Set down, exactly as written, the lines from the line holding "Rene SERGIO DULETTI" to the end of the data, inclusive, skipping any pictures.

§ **Provided material**:
+--
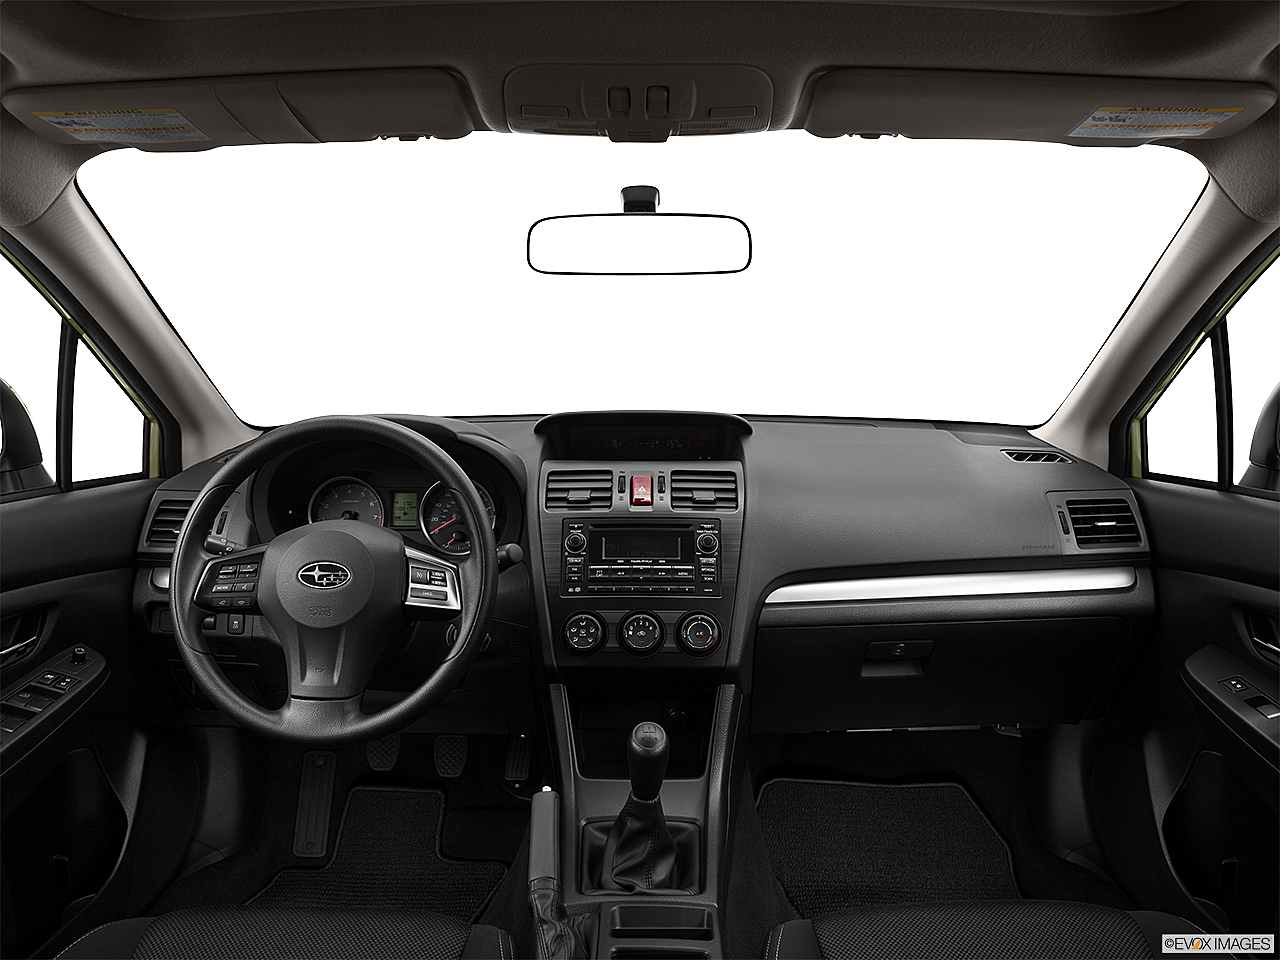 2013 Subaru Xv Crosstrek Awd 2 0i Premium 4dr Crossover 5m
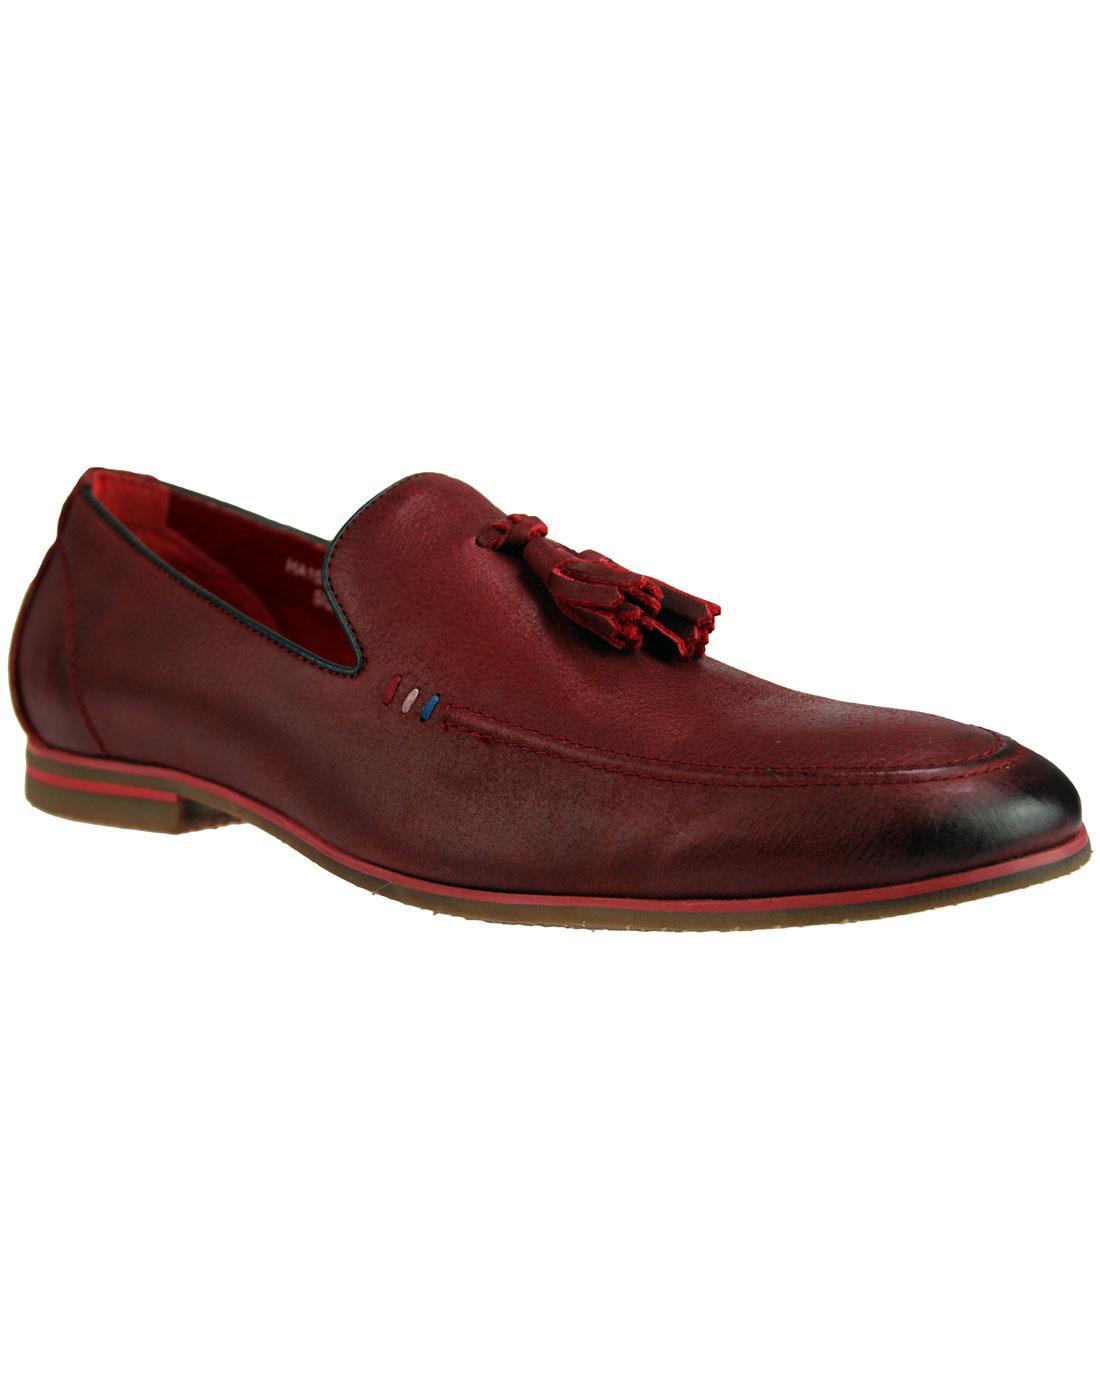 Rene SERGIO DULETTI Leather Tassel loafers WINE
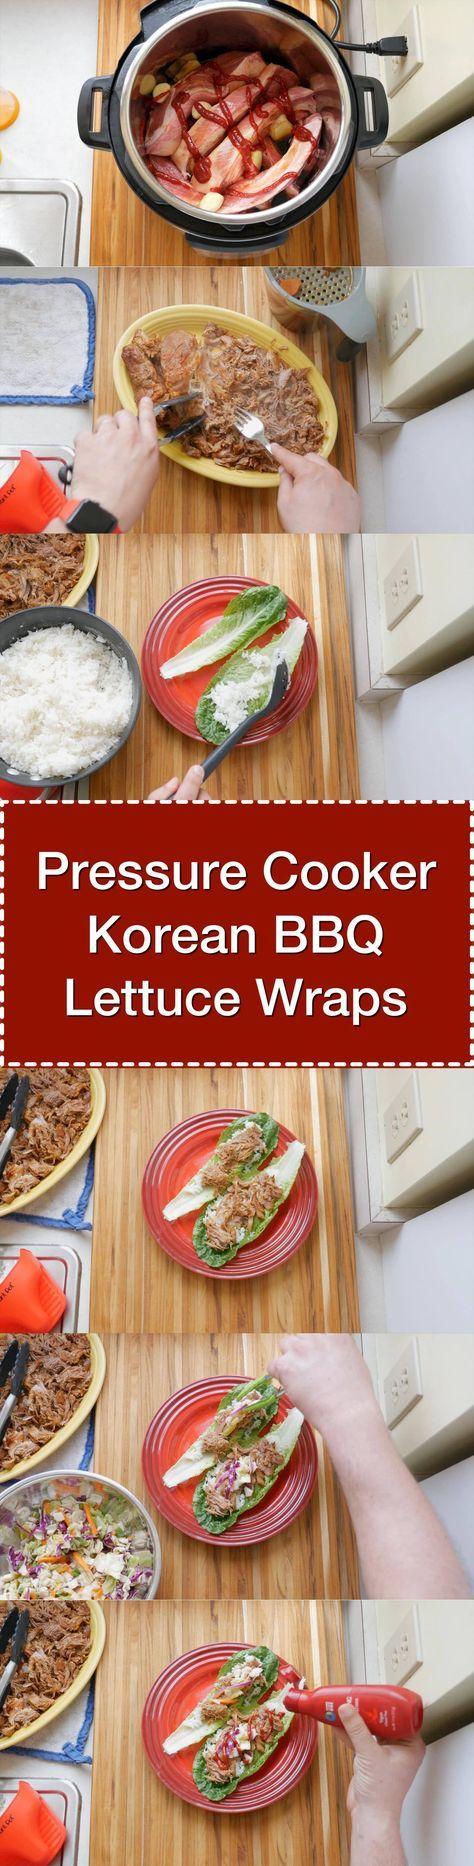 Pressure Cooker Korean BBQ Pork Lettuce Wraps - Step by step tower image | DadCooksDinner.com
+--
§ **Your solution**:
 Rene SERGIO DULETTI Leather Tassel loafers WINE
 Pressure Cooker Korean BBQ Pork Lettuce Wraps - Step by step tower image | DadCooksDinner.com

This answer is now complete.